==== MATERIALS PROVIDED ====
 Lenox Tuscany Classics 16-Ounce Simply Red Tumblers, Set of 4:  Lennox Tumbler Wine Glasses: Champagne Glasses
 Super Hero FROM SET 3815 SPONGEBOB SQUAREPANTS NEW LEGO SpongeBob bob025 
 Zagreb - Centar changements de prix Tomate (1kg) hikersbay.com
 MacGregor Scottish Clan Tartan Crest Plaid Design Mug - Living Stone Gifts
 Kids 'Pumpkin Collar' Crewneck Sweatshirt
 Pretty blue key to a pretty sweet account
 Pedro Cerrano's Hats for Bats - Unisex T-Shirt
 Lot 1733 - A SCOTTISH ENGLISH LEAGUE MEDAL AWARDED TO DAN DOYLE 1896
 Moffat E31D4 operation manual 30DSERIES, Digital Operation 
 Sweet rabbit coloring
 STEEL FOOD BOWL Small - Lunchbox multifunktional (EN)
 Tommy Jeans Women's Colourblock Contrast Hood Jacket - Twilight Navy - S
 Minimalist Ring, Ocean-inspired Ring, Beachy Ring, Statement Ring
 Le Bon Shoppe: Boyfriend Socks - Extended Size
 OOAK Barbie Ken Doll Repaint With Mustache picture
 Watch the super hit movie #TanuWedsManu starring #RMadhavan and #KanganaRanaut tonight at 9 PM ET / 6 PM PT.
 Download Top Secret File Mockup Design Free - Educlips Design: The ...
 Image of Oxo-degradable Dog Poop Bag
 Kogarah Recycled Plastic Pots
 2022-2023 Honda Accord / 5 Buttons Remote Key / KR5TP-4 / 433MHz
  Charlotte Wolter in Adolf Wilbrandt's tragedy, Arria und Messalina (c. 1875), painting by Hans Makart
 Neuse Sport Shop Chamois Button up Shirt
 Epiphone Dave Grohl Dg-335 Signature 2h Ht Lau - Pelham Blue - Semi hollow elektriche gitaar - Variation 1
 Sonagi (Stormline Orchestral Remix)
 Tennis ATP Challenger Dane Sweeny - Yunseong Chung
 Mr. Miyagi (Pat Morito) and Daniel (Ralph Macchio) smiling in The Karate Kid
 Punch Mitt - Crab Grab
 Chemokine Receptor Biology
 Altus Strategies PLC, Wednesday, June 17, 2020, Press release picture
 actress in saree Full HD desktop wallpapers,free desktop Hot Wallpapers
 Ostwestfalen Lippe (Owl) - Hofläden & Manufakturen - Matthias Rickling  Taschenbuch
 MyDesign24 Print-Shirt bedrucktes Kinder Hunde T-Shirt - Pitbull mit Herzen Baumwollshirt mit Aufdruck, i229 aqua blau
====
Each line of the records above must be copied exactly.

TASK ANSWER:
 Lenox Tuscany Classics 16-Ounce Simply Red Tumblers, Set of 4:  Lennox Tumbler Wine Glasses: Champagne Glasses
 Super Hero FROM SET 3815 SPONGEBOB SQUAREPANTS NEW LEGO SpongeBob bob025 
 Zagreb - Centar changements de prix Tomate (1kg) hikersbay.com
 MacGregor Scottish Clan Tartan Crest Plaid Design Mug - Living Stone Gifts
 Kids 'Pumpkin Collar' Crewneck Sweatshirt
 Pretty blue key to a pretty sweet account
 Pedro Cerrano's Hats for Bats - Unisex T-Shirt
 Lot 1733 - A SCOTTISH ENGLISH LEAGUE MEDAL AWARDED TO DAN DOYLE 1896
 Moffat E31D4 operation manual 30DSERIES, Digital Operation 
 Sweet rabbit coloring
 STEEL FOOD BOWL Small - Lunchbox multifunktional (EN)
 Tommy Jeans Women's Colourblock Contrast Hood Jacket - Twilight Navy - S
 Minimalist Ring, Ocean-inspired Ring, Beachy Ring, Statement Ring
 Le Bon Shoppe: Boyfriend Socks - Extended Size
 OOAK Barbie Ken Doll Repaint With Mustache picture
 Watch the super hit movie #TanuWedsManu starring #RMadhavan and #KanganaRanaut tonight at 9 PM ET / 6 PM PT.
 Download Top Secret File Mockup Design Free - Educlips Design: The ...
 Image of Oxo-degradable Dog Poop Bag
 Kogarah Recycled Plastic Pots
 2022-2023 Honda Accord / 5 Buttons Remote Key / KR5TP-4 / 433MHz
  Charlotte Wolter in Adolf Wilbrandt's tragedy, Arria und Messalina (c. 1875), painting by Hans Makart
 Neuse Sport Shop Chamois Button up Shirt
 Epiphone Dave Grohl Dg-335 Signature 2h Ht Lau - Pelham Blue - Semi hollow elektriche gitaar - Variation 1
 Sonagi (Stormline Orchestral Remix)
 Tennis ATP Challenger Dane Sweeny - Yunseong Chung
 Mr. Miyagi (Pat Morito) and Daniel (Ralph Macchio) smiling in The Karate Kid
 Punch Mitt - Crab Grab
 Chemokine Receptor Biology
 Altus Strategies PLC, Wednesday, June 17, 2020, Press release picture
 actress in saree Full HD desktop wallpapers,free desktop Hot Wallpapers
 Ostwestfalen Lippe (Owl) - Hofläden & Manufakturen - Matthias Rickling  Taschenbuch
 MyDesign24 Print-Shirt bedrucktes Kinder Hunde T-Shirt - Pitbull mit Herzen Baumwollshirt mit Aufdruck, i229 aqua blau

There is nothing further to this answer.